СТИЛИ ФИЛОСОФСКОГО МЫСЛЕТВОРЧЕСТВА И ПОИСК СУБЪЕКТОМ СВОЕЙ ФИЛОСОФСКОЙ СТЕЗИ «ПОВЕРХ ИХ РАЗМЕЖЕВАНИЯ»
УДК 1 В.В. БАРКОВА, В.И. ЛИПСКИЙ, Т.В. НИКАНОРОВА
«Живая плоть» нарративов, дискурсов, философских рефлексий, начиная с античных софистов и Сократа, постоянно влекли к себе талантливых личностей, способных не только на публичное высказывание собственных способов осмысления действительности, общества, человека и его места в мире, но и отражение своих мыслей в разнообразных формах и стилях философского мыслетворчества. Время сохранило в памяти культуры имена этих мыслителей: Аристотель, Зенон, Парменид, Пифагор, Платон, Фалес и т. д.

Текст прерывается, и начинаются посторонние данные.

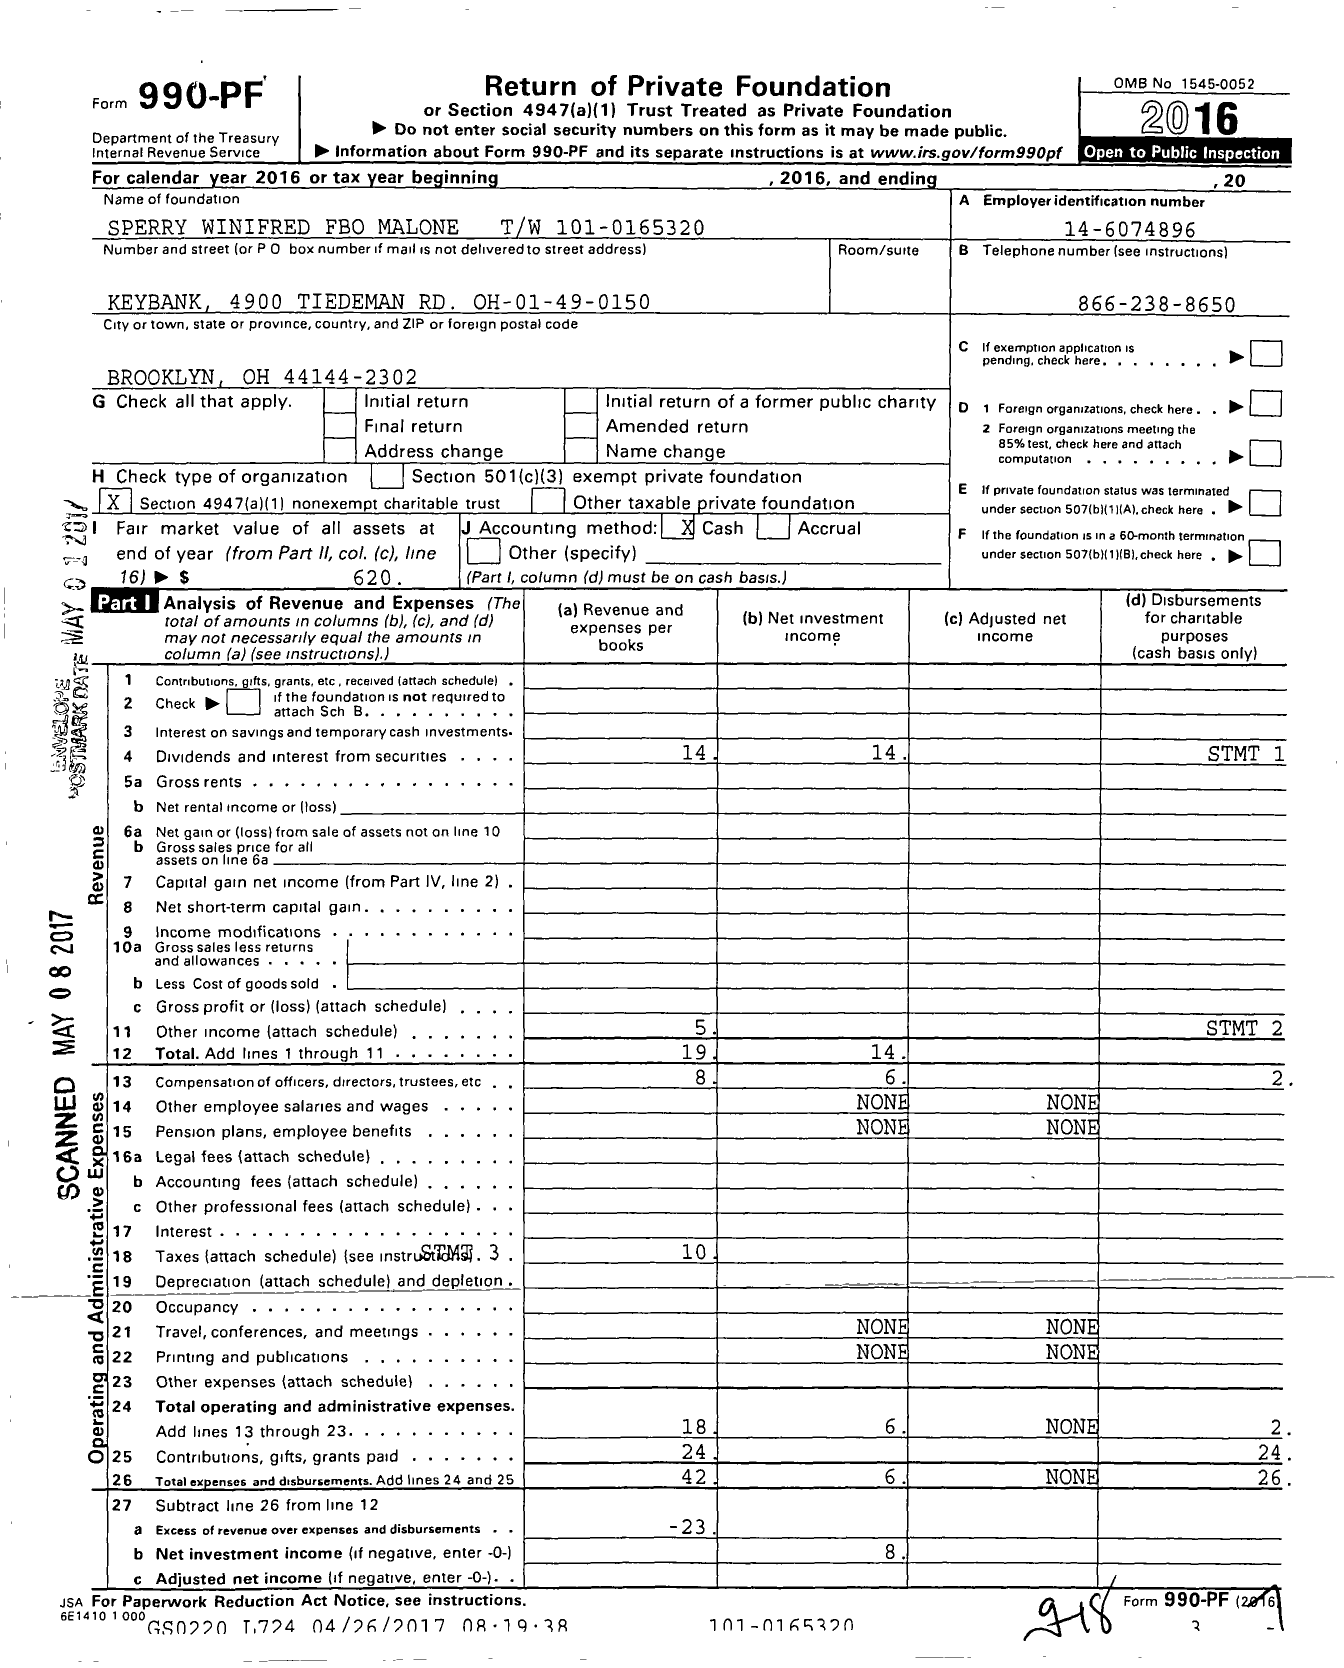 Image of first page of 2016 Form 990PF for Sperry Winifred Fbo Malone TW
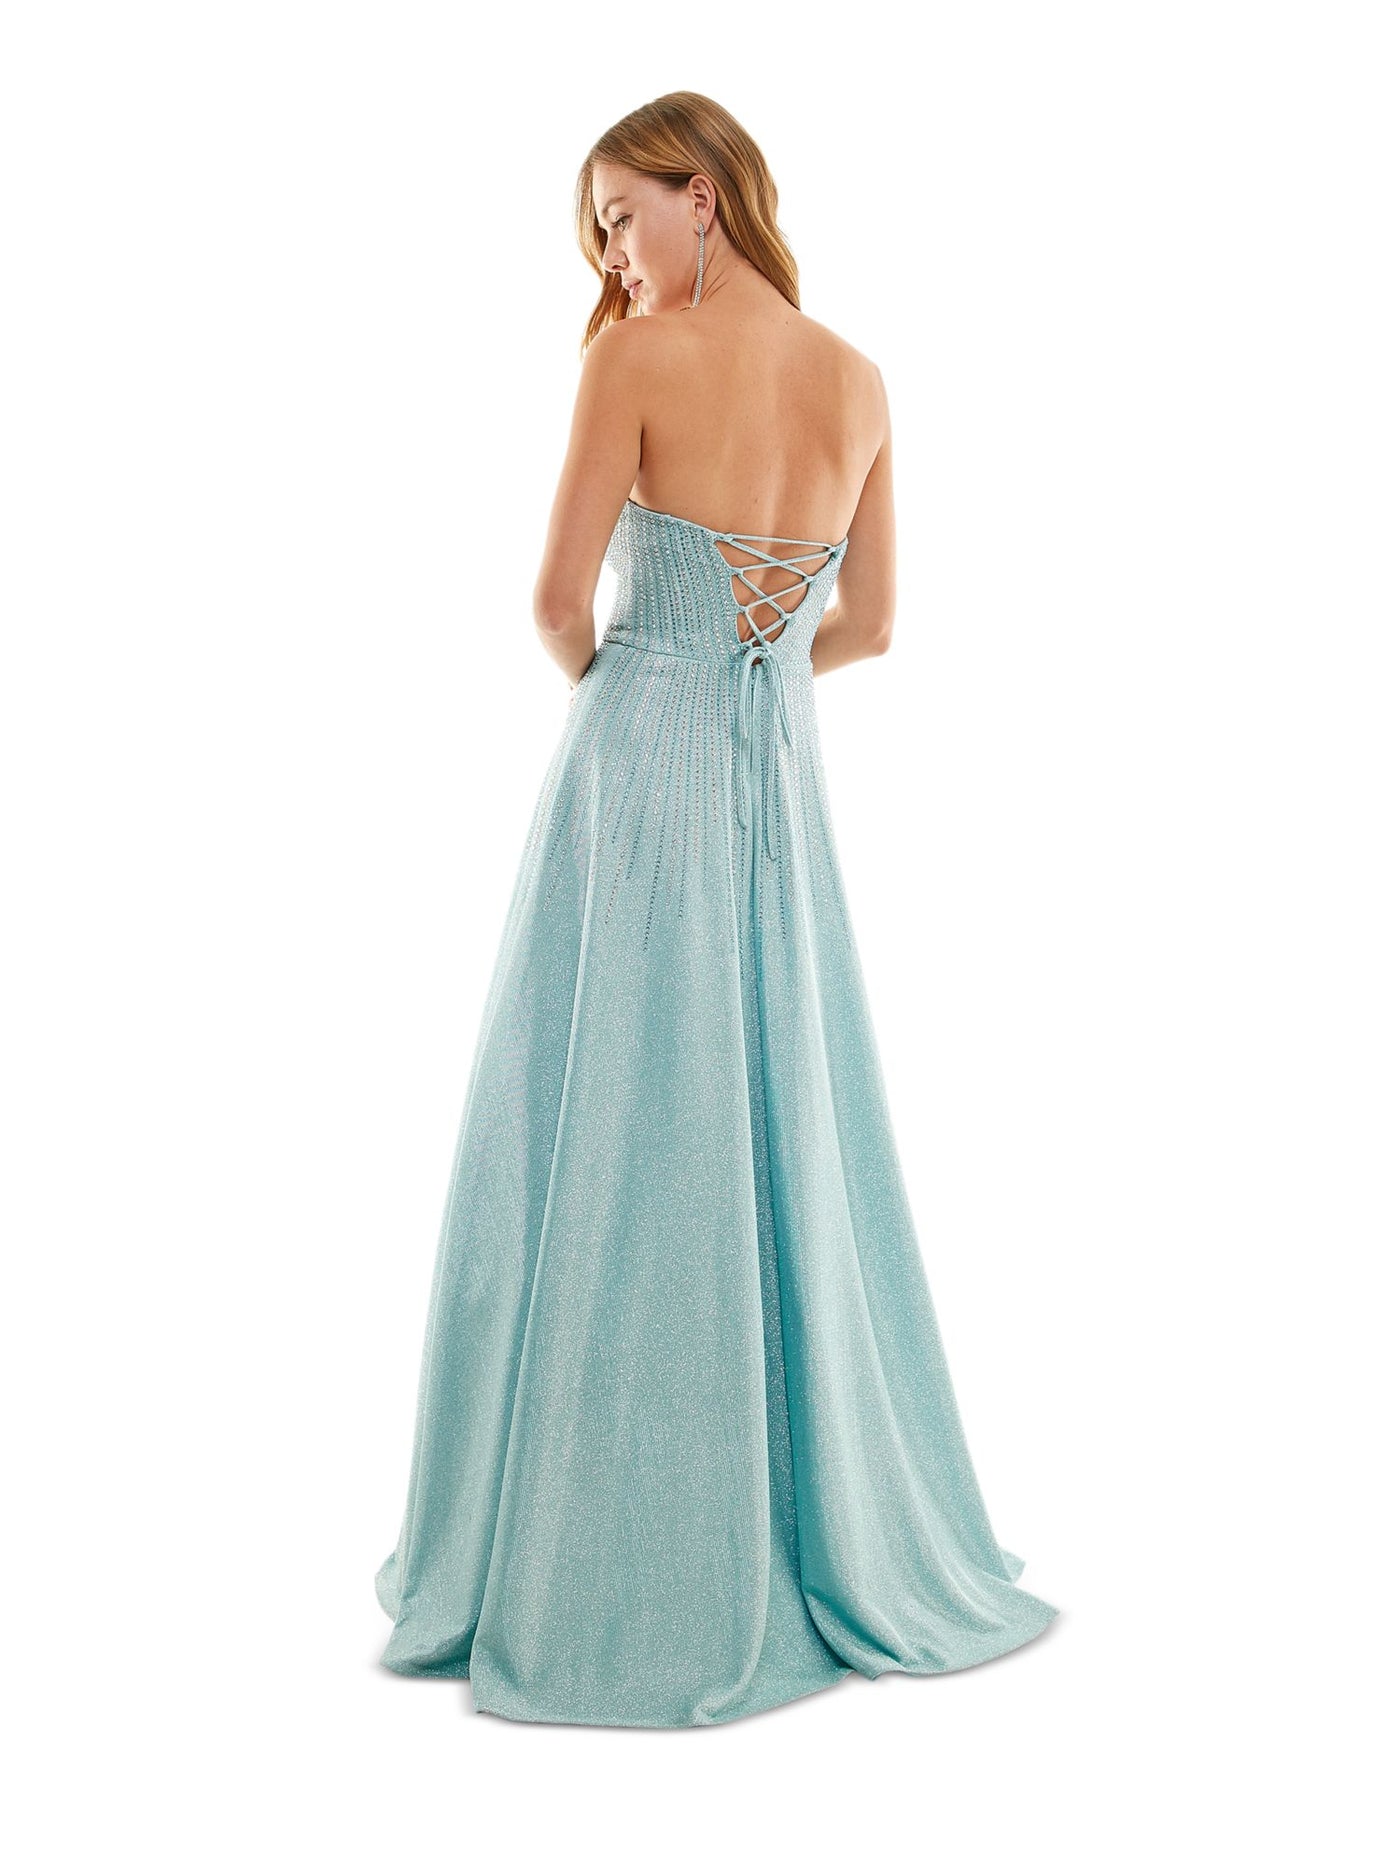 SAY YES TO THE PROM Womens Light Blue Embellished Zippered Padded Lined Tulle Lace Up Back Sleeveless Strapless Full-Length Formal Gown Dress Juniors 5

В эпоху Средневековья философское мыслетворчество, являя свет естественного, но смертного разума, сосредоточило внимание на дозволенных Церковью темах в рамках канонического мышления: комментировании текстов Библии, размышлений отцов Церкви. Однако оно находило «обходные пути» реализации своего потенциала, заявляя его в комментариях к переводной литературе с арабского, иврита, в герменевтических программах А. Кентер-берийского, Ф. Аквинского, П. Расцелина, П. Абеляра. Однако их смысловые интерпретации, нарративы, дискурсы выстраивались теологами в тот логико-смысловой порядок, который был направлен на оправдание «лестницы бытия», созданного Богом. Такой стиль мыслетворчества назывался «спасением явлений». Фома Аквинский, рассуждая по поводу подобных методологических конструкций, оправдывал их существование тем, что первой философией является знание истины не какой угодно, а той, которая есть источник всякой истины. Началом же всякой истины есть Бог.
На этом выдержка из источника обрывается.